## [Material provided]

BEGIN

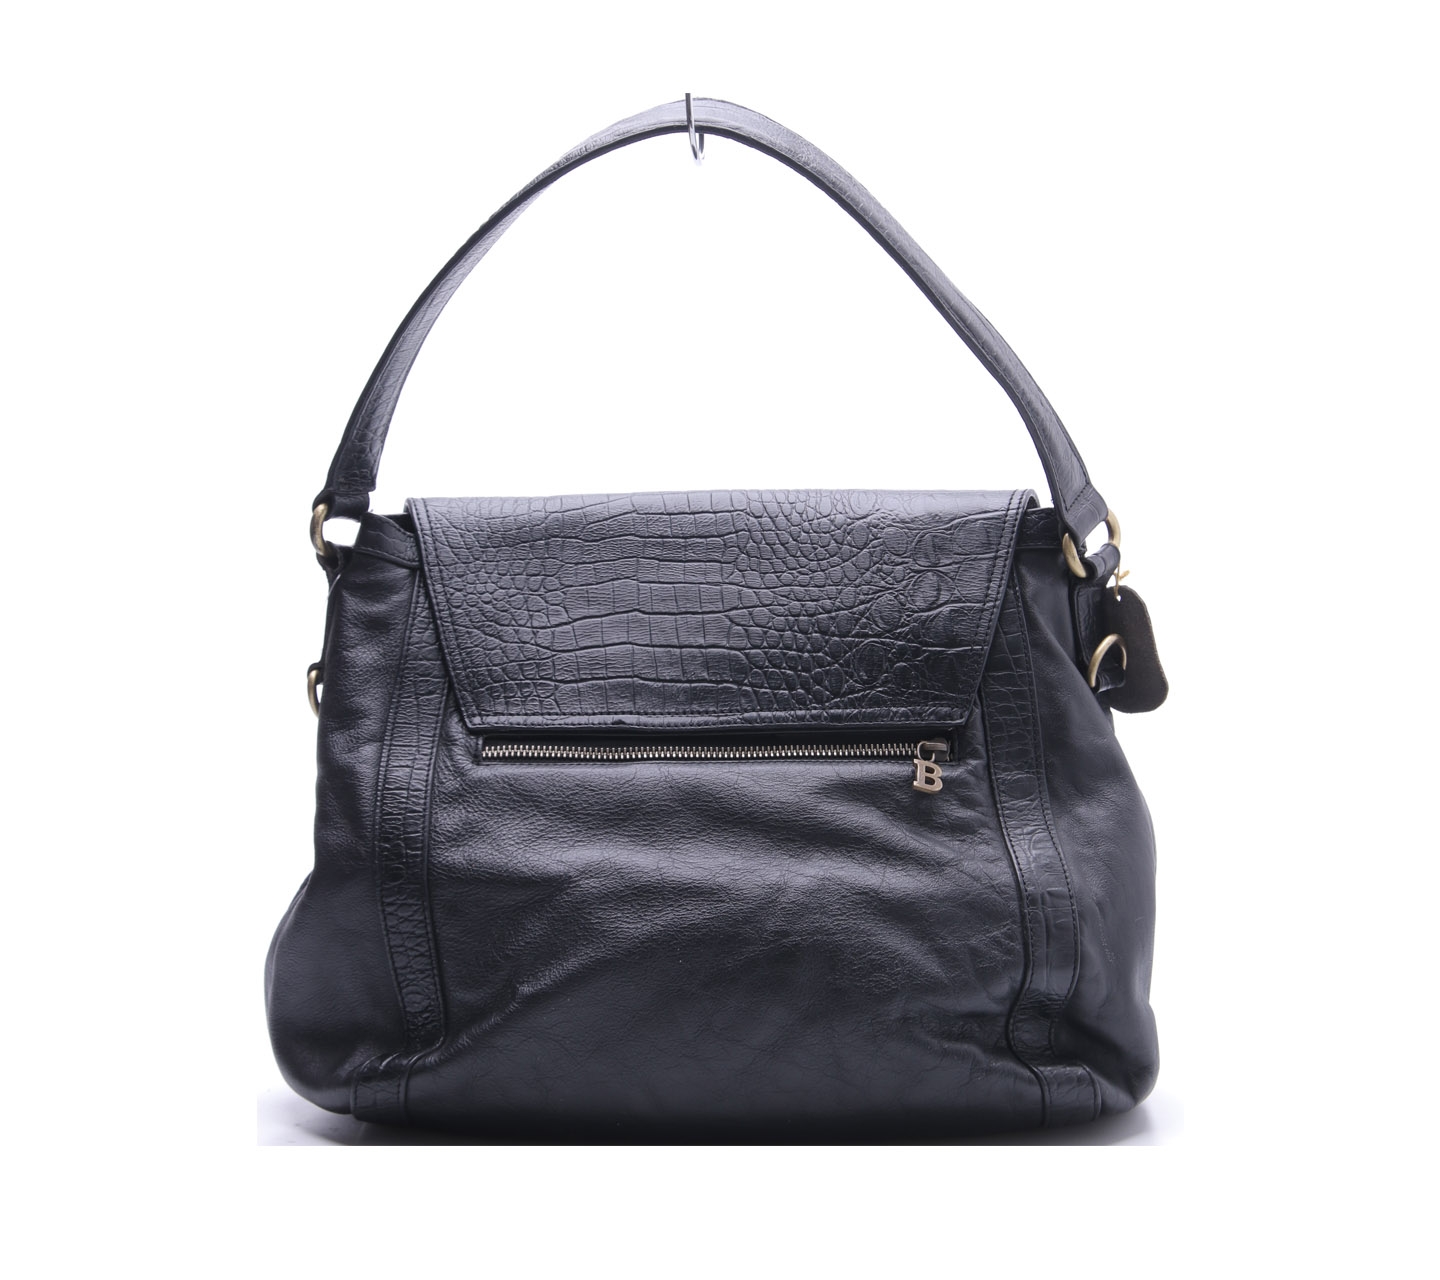 Bally Croco Embossed Black Leather Flap
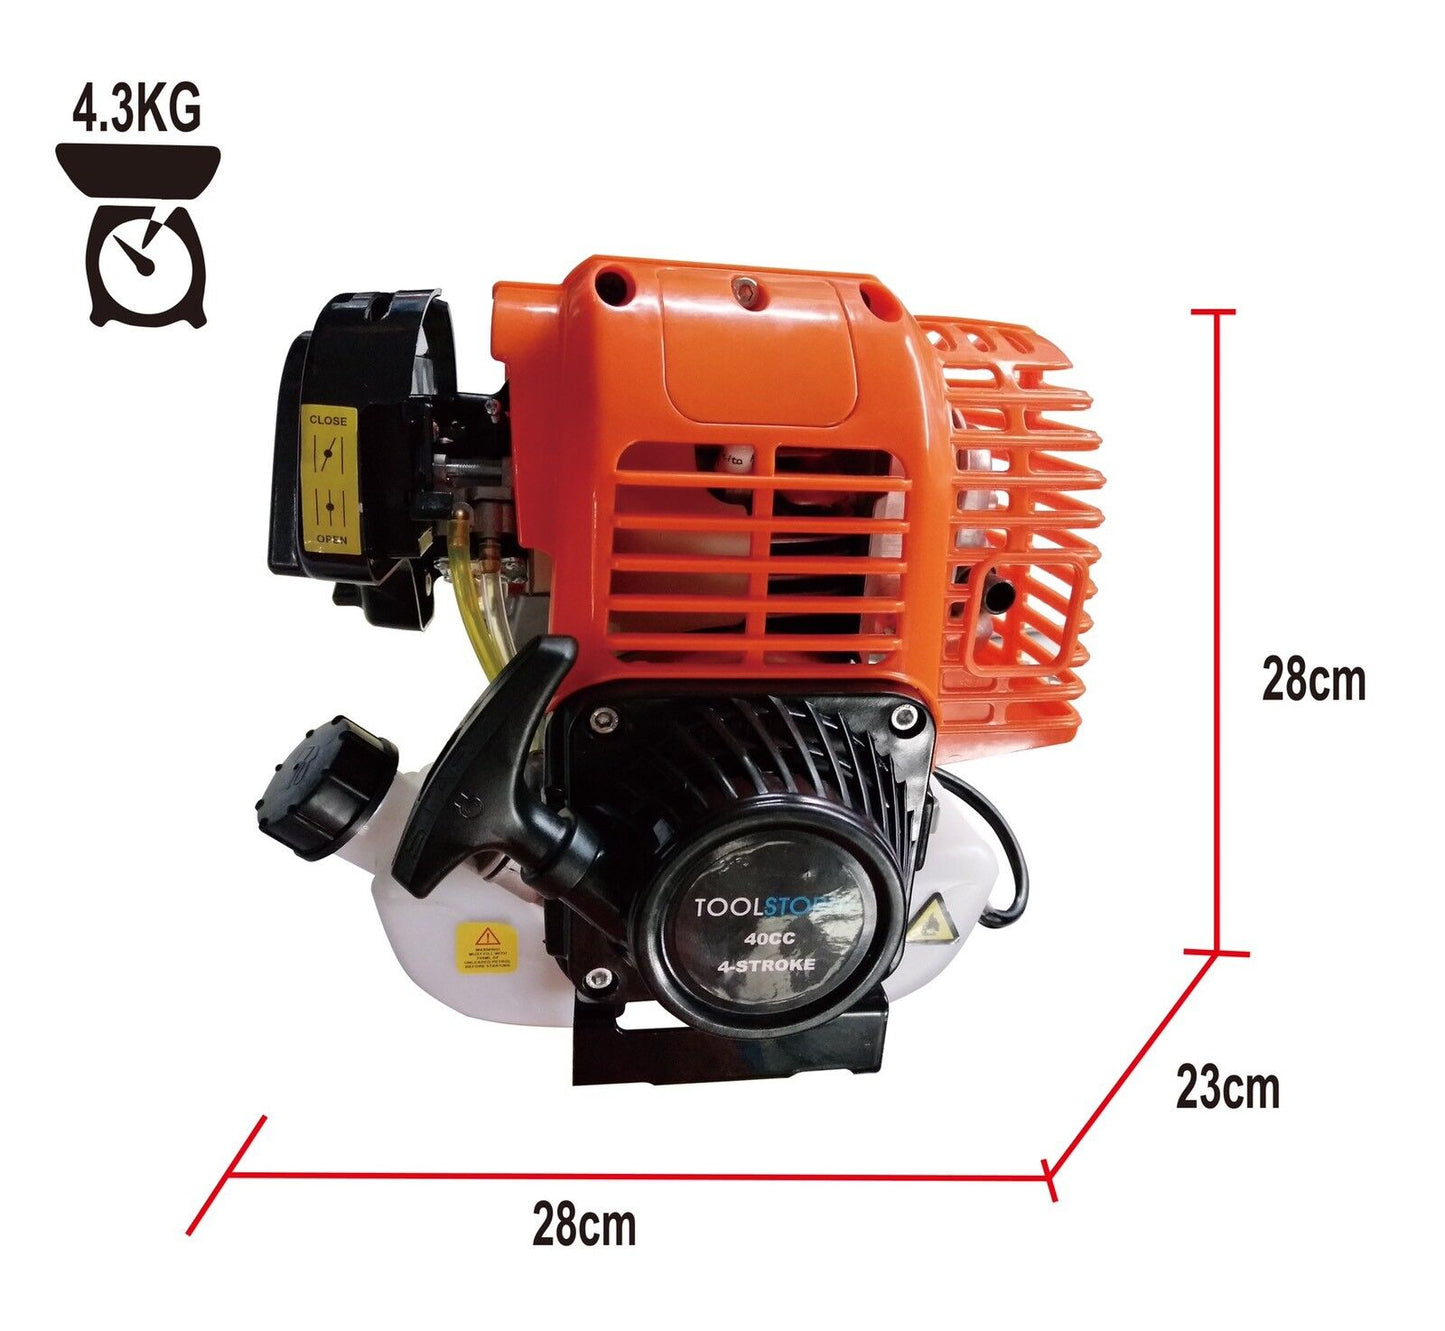 4 Stroke Engine Motor for Pole Tool Chainsaw Brushcutter Trimmer Brush Cutter
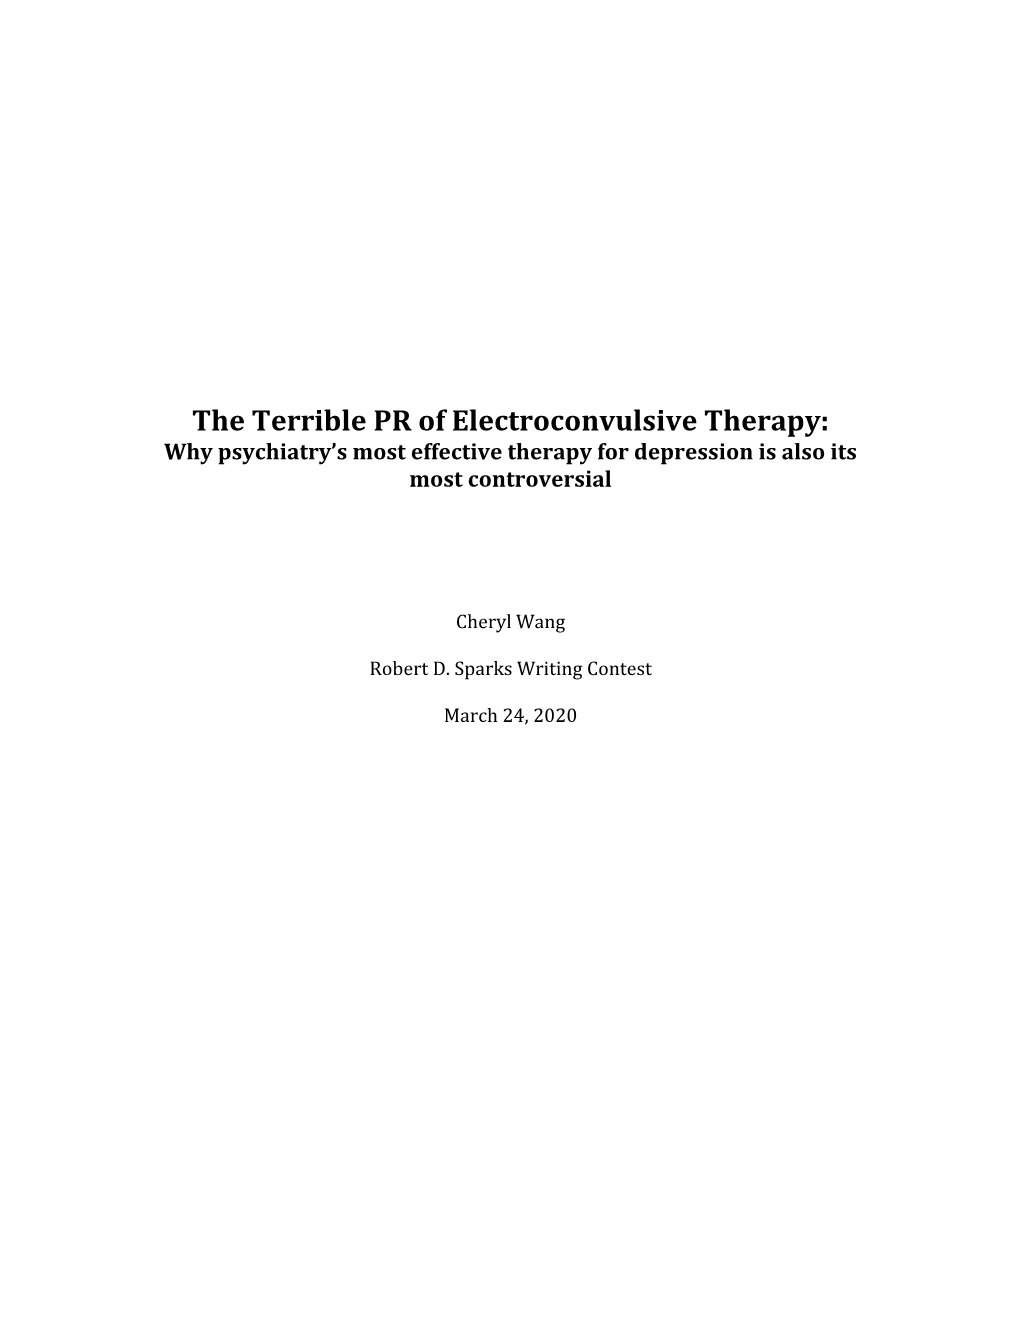 The Terrible PR of Electroconvulsive Therapy: Why Psychiatry’S Most Effective Therapy for Depression Is Also Its Most Controversial

END

## [Activity]
Word for word, repeat the lines of data above, omitting every picture.

## [Task output]
 Bally Croco Embossed Black Leather Flap
 4 Stroke Engine Motor for Pole Tool Chainsaw Brushcutter Trimmer Brush Cutter
 The Terrible PR of Electroconvulsive Therapy: Why Psychiatry’S Most Effective Therapy for Depression Is Also Its Most Controversial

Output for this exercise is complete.